*Stored data*:
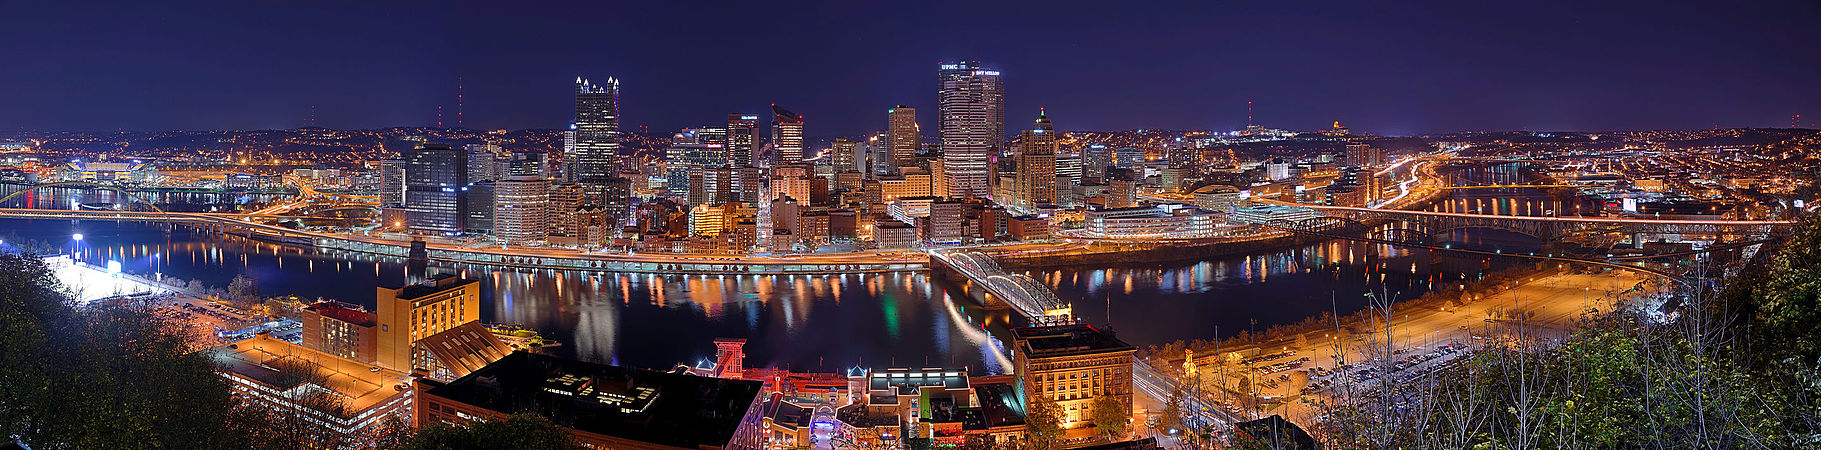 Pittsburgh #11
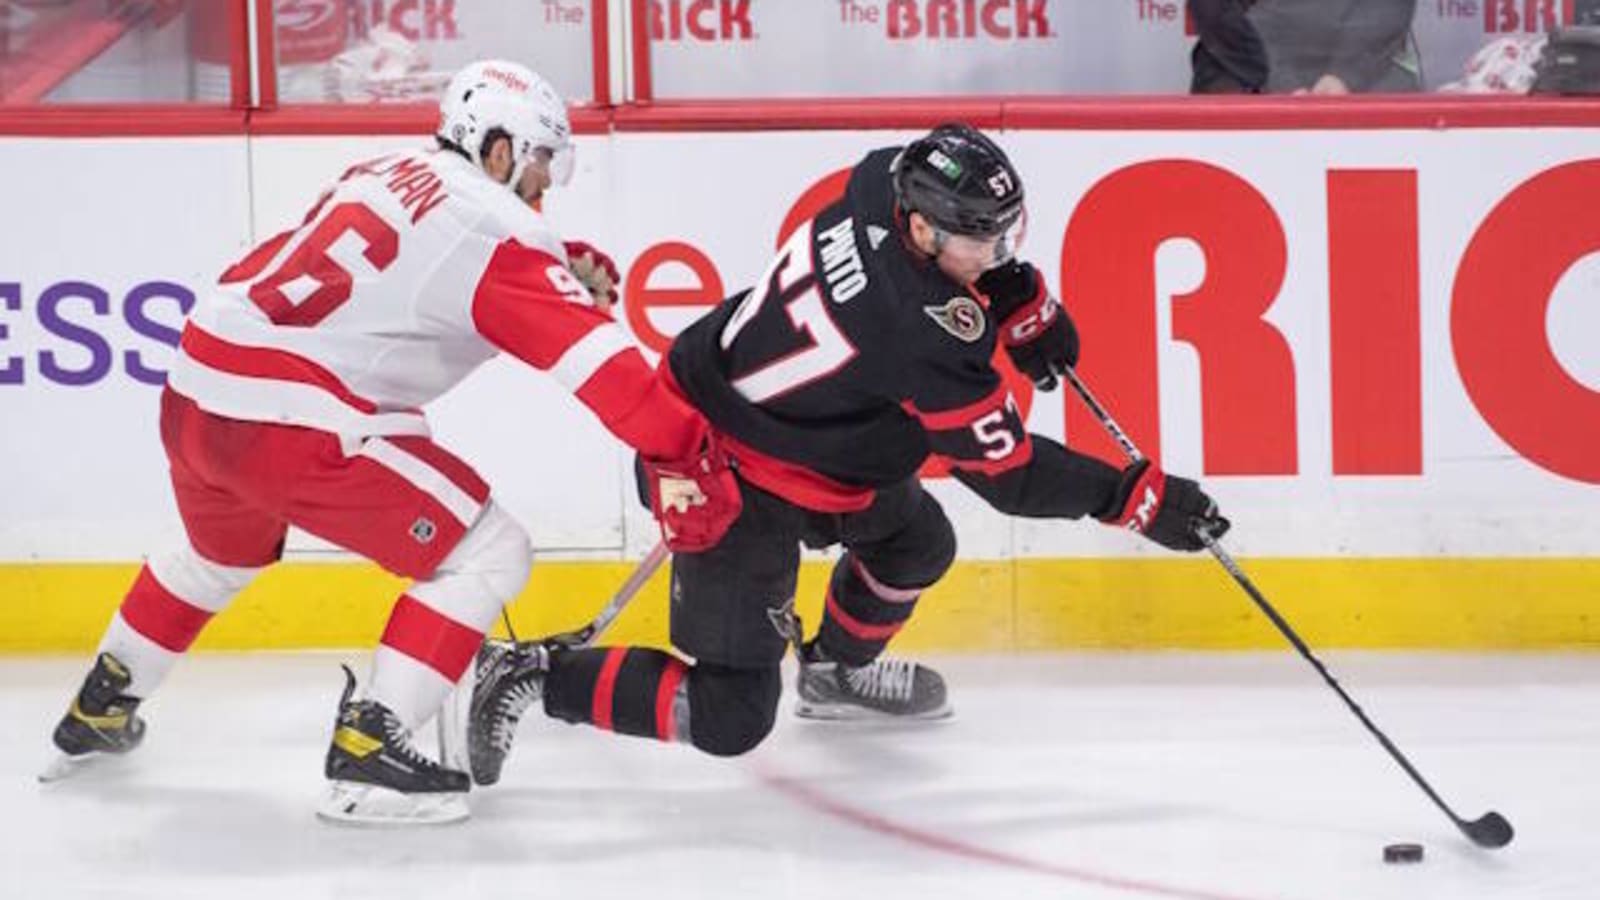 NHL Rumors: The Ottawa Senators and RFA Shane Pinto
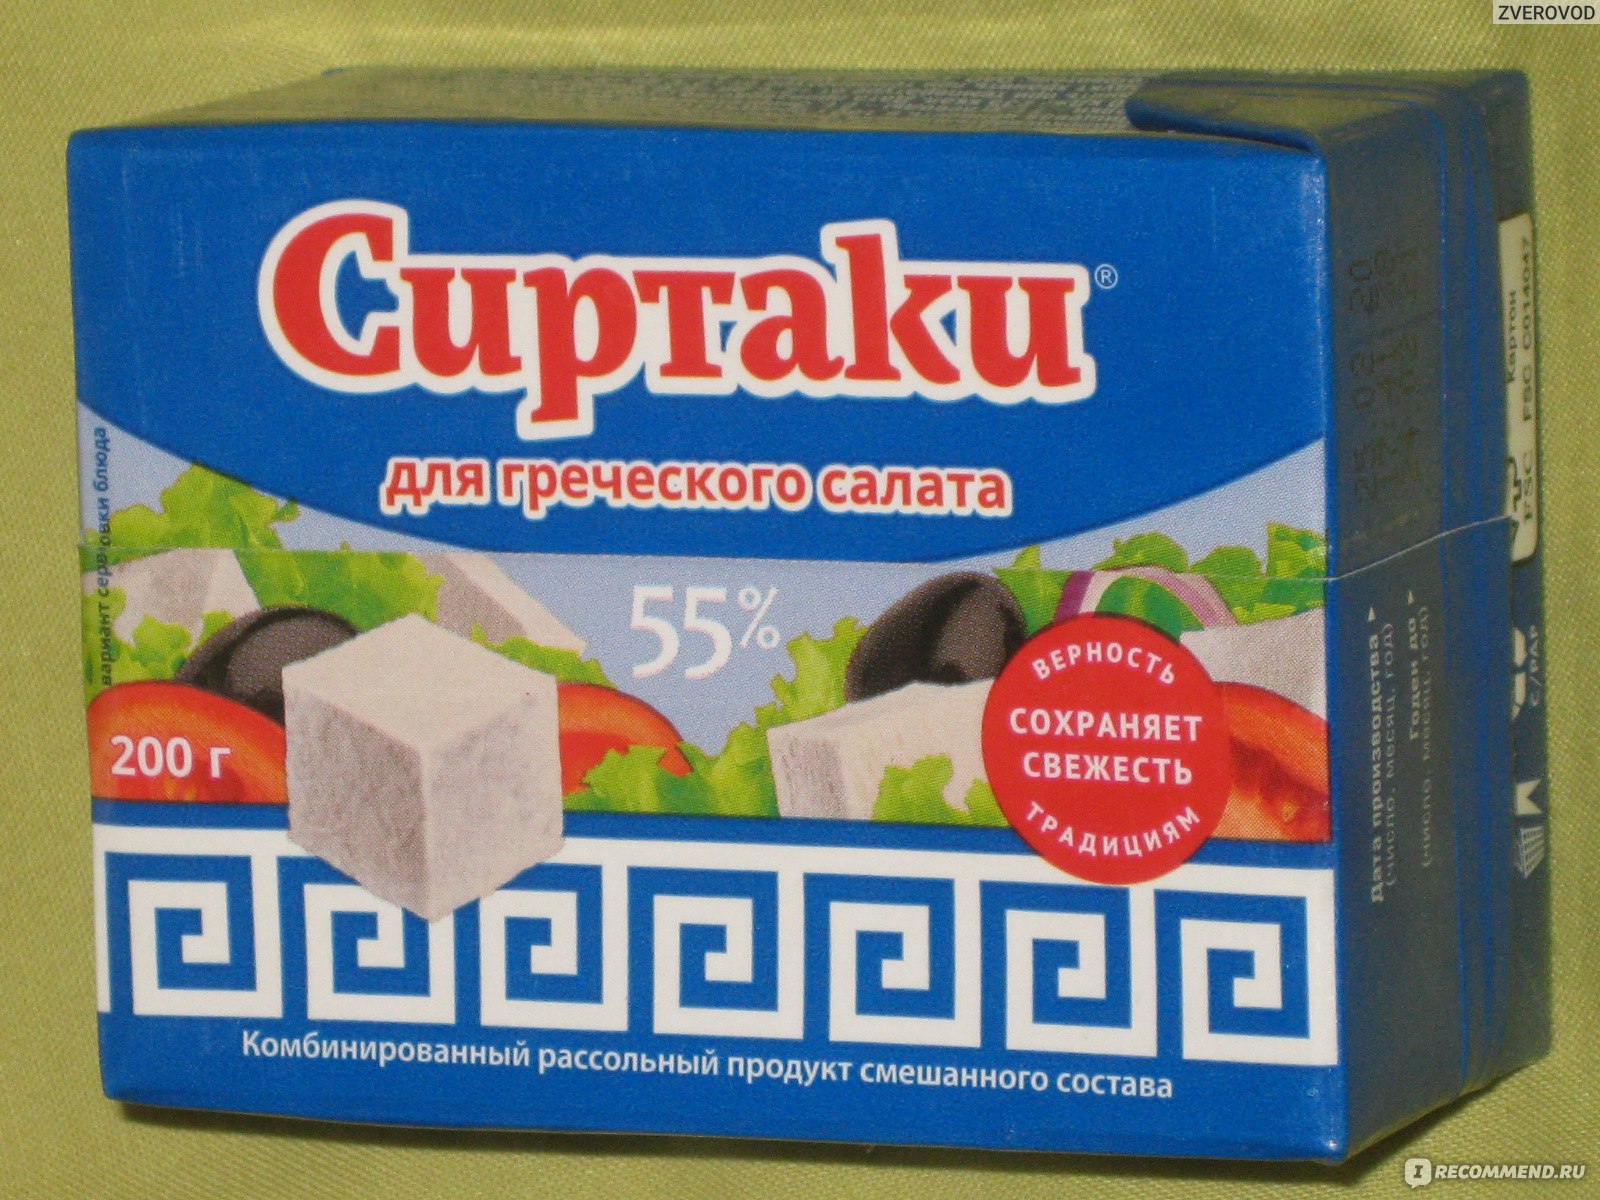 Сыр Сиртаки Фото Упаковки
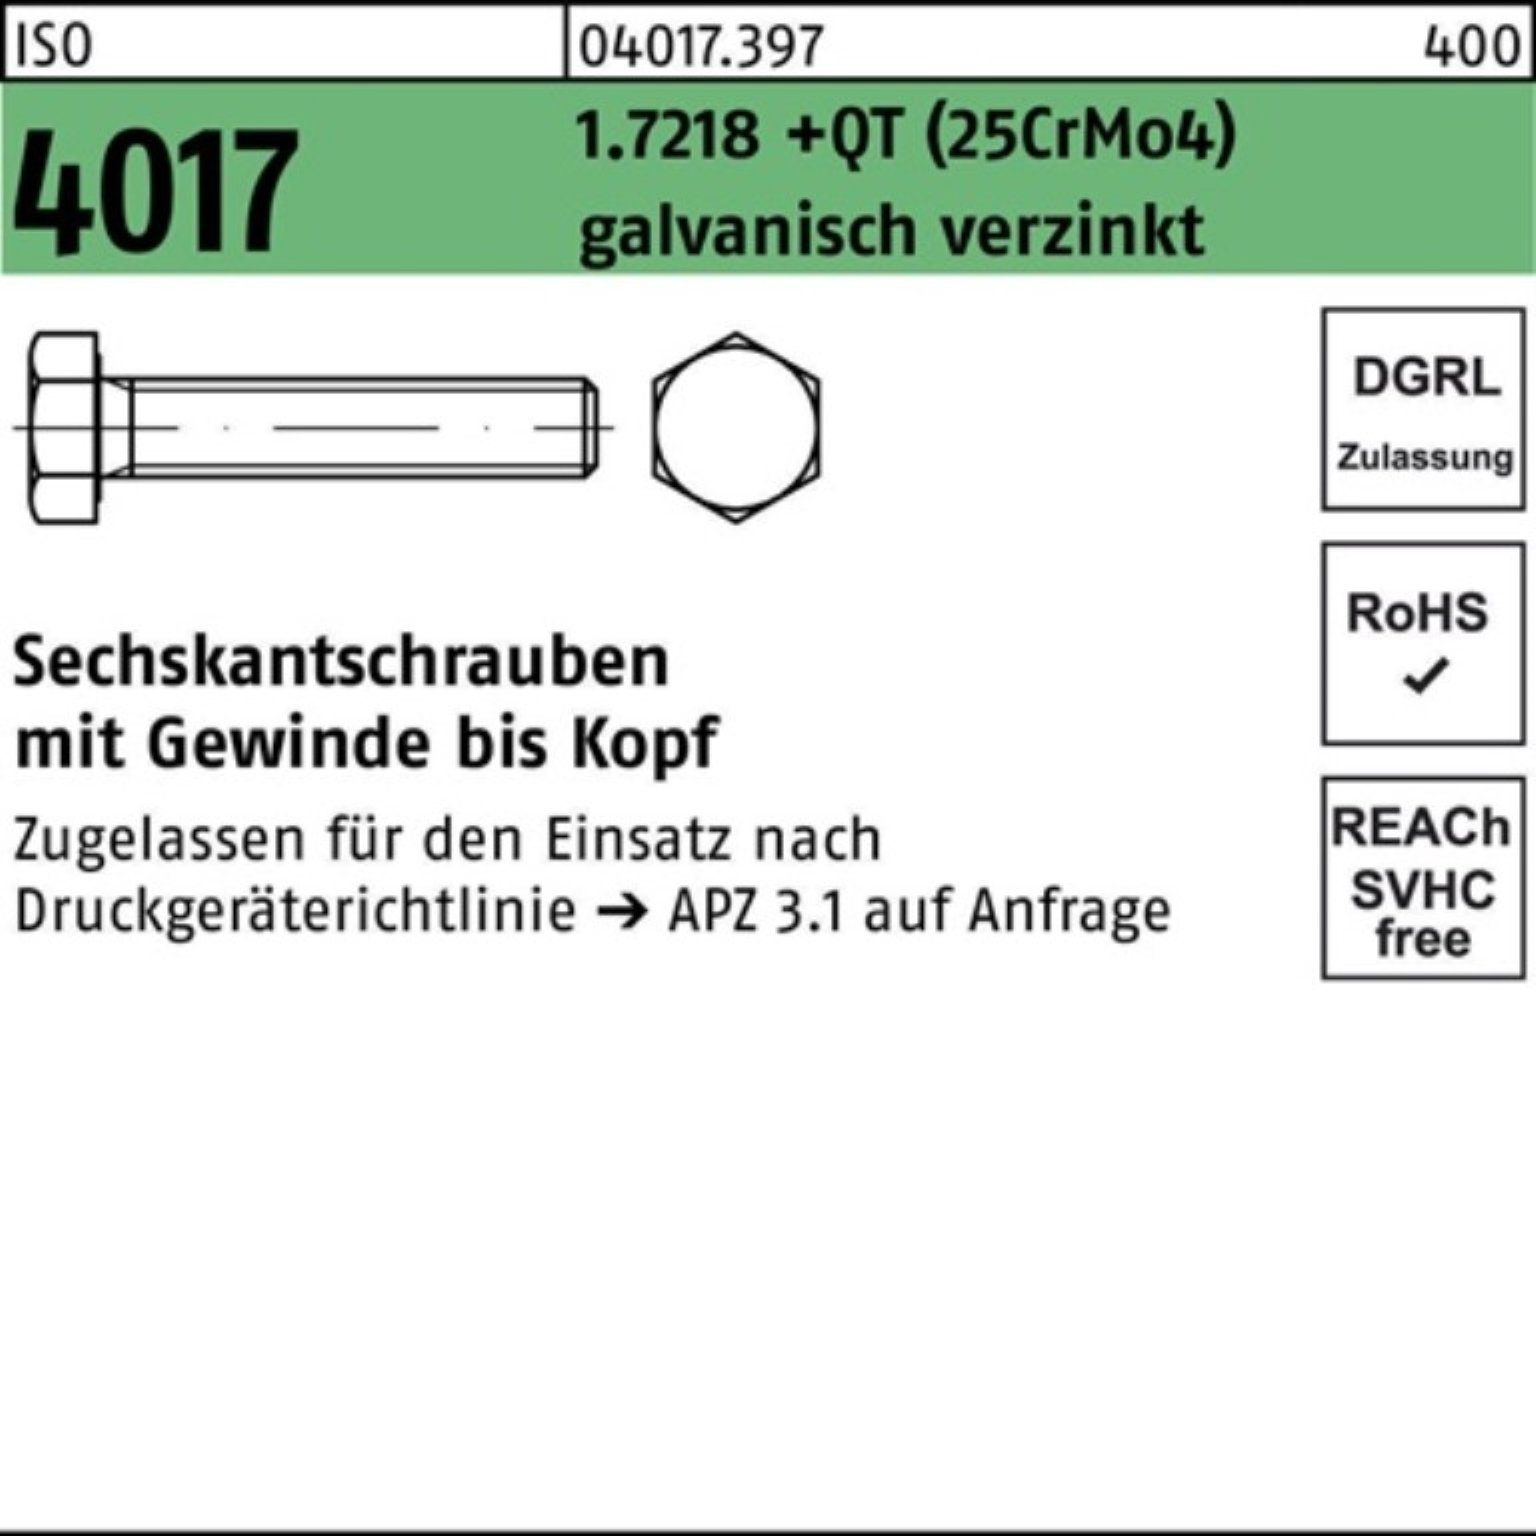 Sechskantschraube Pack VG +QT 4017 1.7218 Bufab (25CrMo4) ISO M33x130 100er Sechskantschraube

*What the exercise asks*: Reproduce exactly and only the lines from the line that contains "Сыр Сиртаки Фото Упаковки" to the end of the data above, both ends included. No pictures go in the copy.

*Your solution*:
 Сыр Сиртаки Фото Упаковки
 Sechskantschraube Pack VG +QT 4017 1.7218 Bufab (25CrMo4) ISO M33x130 100er Sechskantschraube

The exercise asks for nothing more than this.